For analysis of CNS infiltrates, brain and spinal cord tissues were colletected from perfused mice and mononuclear cells were prepared by Percoll gradient centrifugation. For histological analysis, brain and spinal cord tissues were immediatedly fixed in 4% paraformaldehyde.

T cell purification and Th17 differentiation assays

Naïve CD4+CD62L+ helper T cells were purified by magnetic cell sorting from spleens (CD4+T cell isoliation kit, mouse, Miltenyi Biotec, Auburn, CA). Sorted cells were stimulated with anti-CD3(5μg/mL, soluble, 145-2C11, BD Biosciences) and anti-CD28 (2μg/mL, soluble, 37.51, BD Biosciences) and were induced to differentiation into Th17 cells by supplementation with TGF-β1(5ng/mL, Peprotech), IL-1β (30ng/mL, Peprotech), IL-6 (30ng/mL, Peprotech), tumor necrosis factor (10ng/mL, Peprotech), anti-IL-4 (XMG1.2, BD Bioscience) and anti-IL-IFN-γ (11B11, BD Bioscience).

T cell proliferation assays

Naïve CD4+CD62L+ cells were stimulated with anti-CD3(5μg/mL, soluble, 145-2C11, BD Biosciences) and anti-CD28 (2μg/mL, soluble, 37.51, BD Biosciences), and then re-suspended to 1×106 cell/mL in PBS with 10% bovine serum albumin. Cells was added 5μM CFSE solution (Abnova) and incubate 10min at 37°C;. Then, cells was added 5 mL 40% cold bovine serum albumin and incubation on ice for 10min. Cells were then washed twice and resuspended in RPMI 1640 with 10% bovine serum albumin. T cell proliferation was analyzed by flow cytometry after 96h.

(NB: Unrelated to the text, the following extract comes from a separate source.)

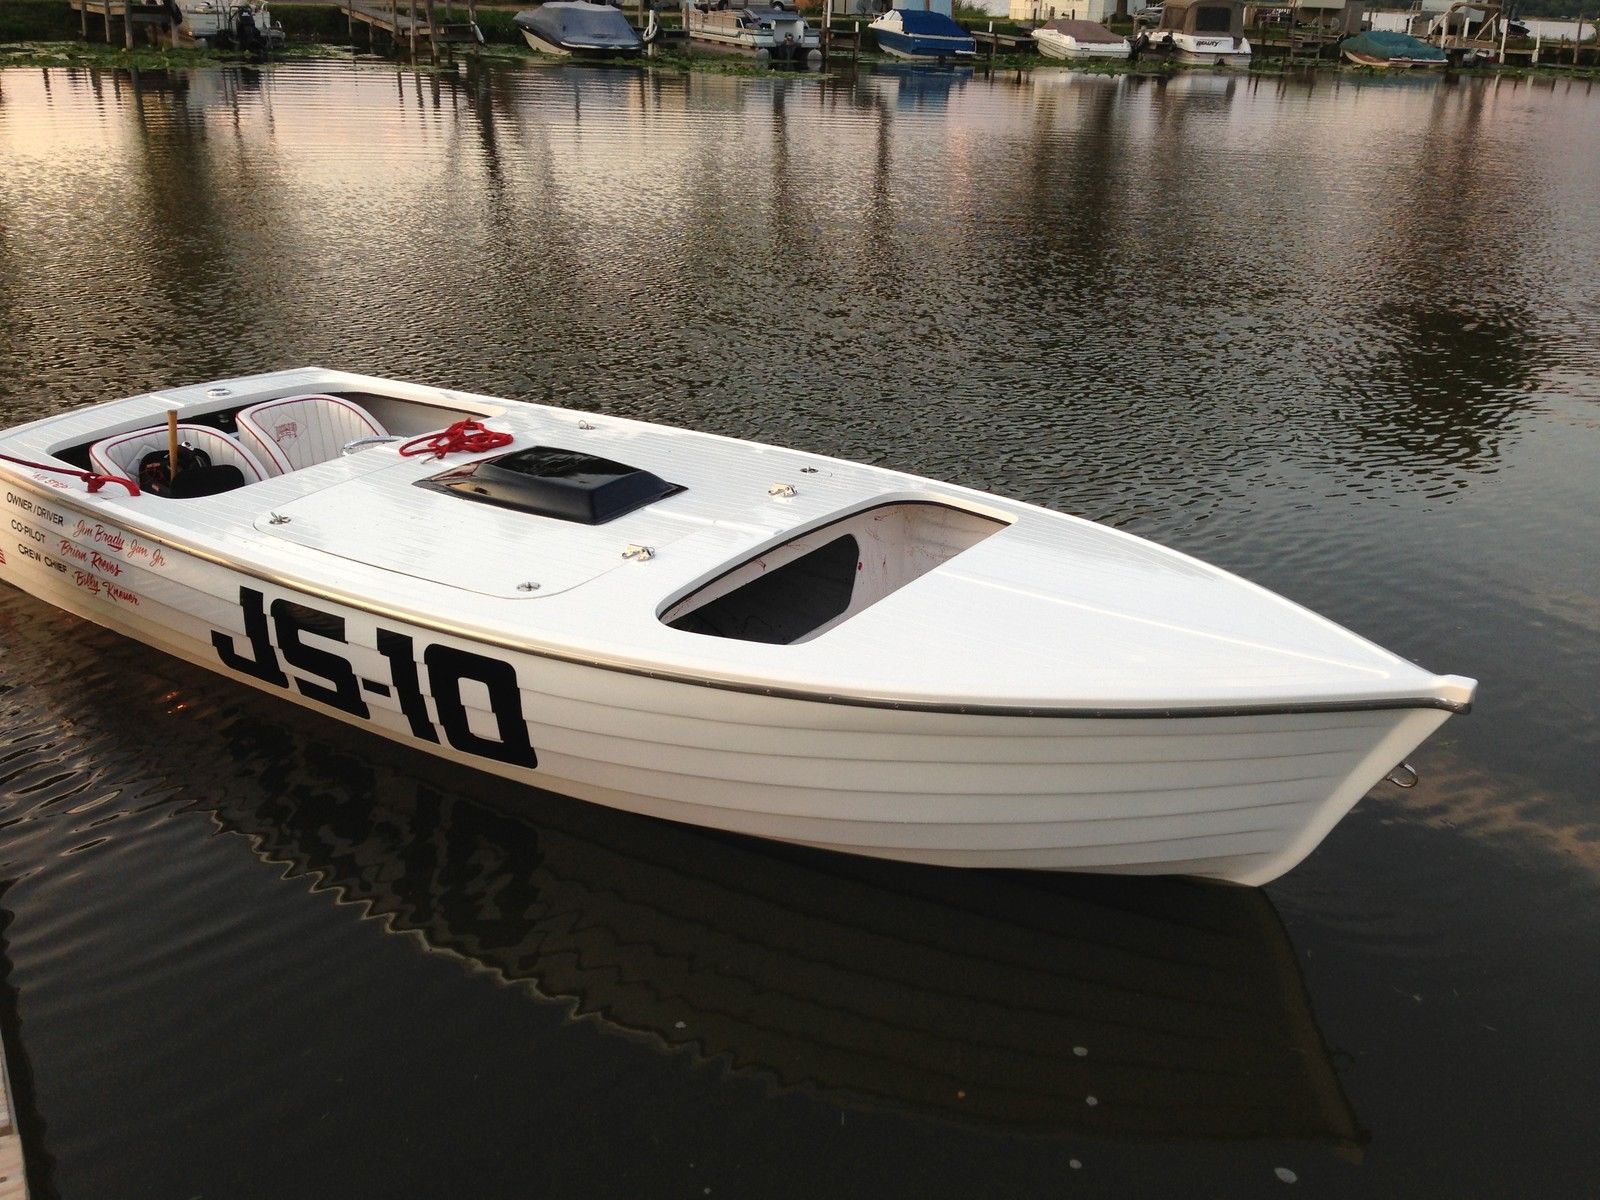 jersey speed skiff js-10 1972 for sale for ,500 - boats

Intracellular staining and flow cytometry

Cells obtained from splenocytes or CNS infiltrateds of mice with EAE were restimulated with PMA (50ng/mL, Sigma), ionomycin (750ng/mL, Sigma) and brefeldin A (BD Biosciences). Cells were then stained with FITC-anti-CD4 at 4°C for 30min. After surface staining, cells were resuspended in Fixation/permeabilization sulution (Cytofix/cytoperm kit; BD Bioscience) and incubated at romm tempeature for 20min. Then cells were staned with PE-anti-IL-17A and APC-anti-IFN-γ at 4°C for 30min. FACS Calibur was used for flow cytometry analysis.

Statistics

A two-tailed Student's t-test was applied for statistical comparison of two groups and a Mann–Whitney test for nonparametric data (EAE scoring). Pearson correlation analysis was applied for the statistical correlation of two groups. A P value of 0.05 or less was considered significant.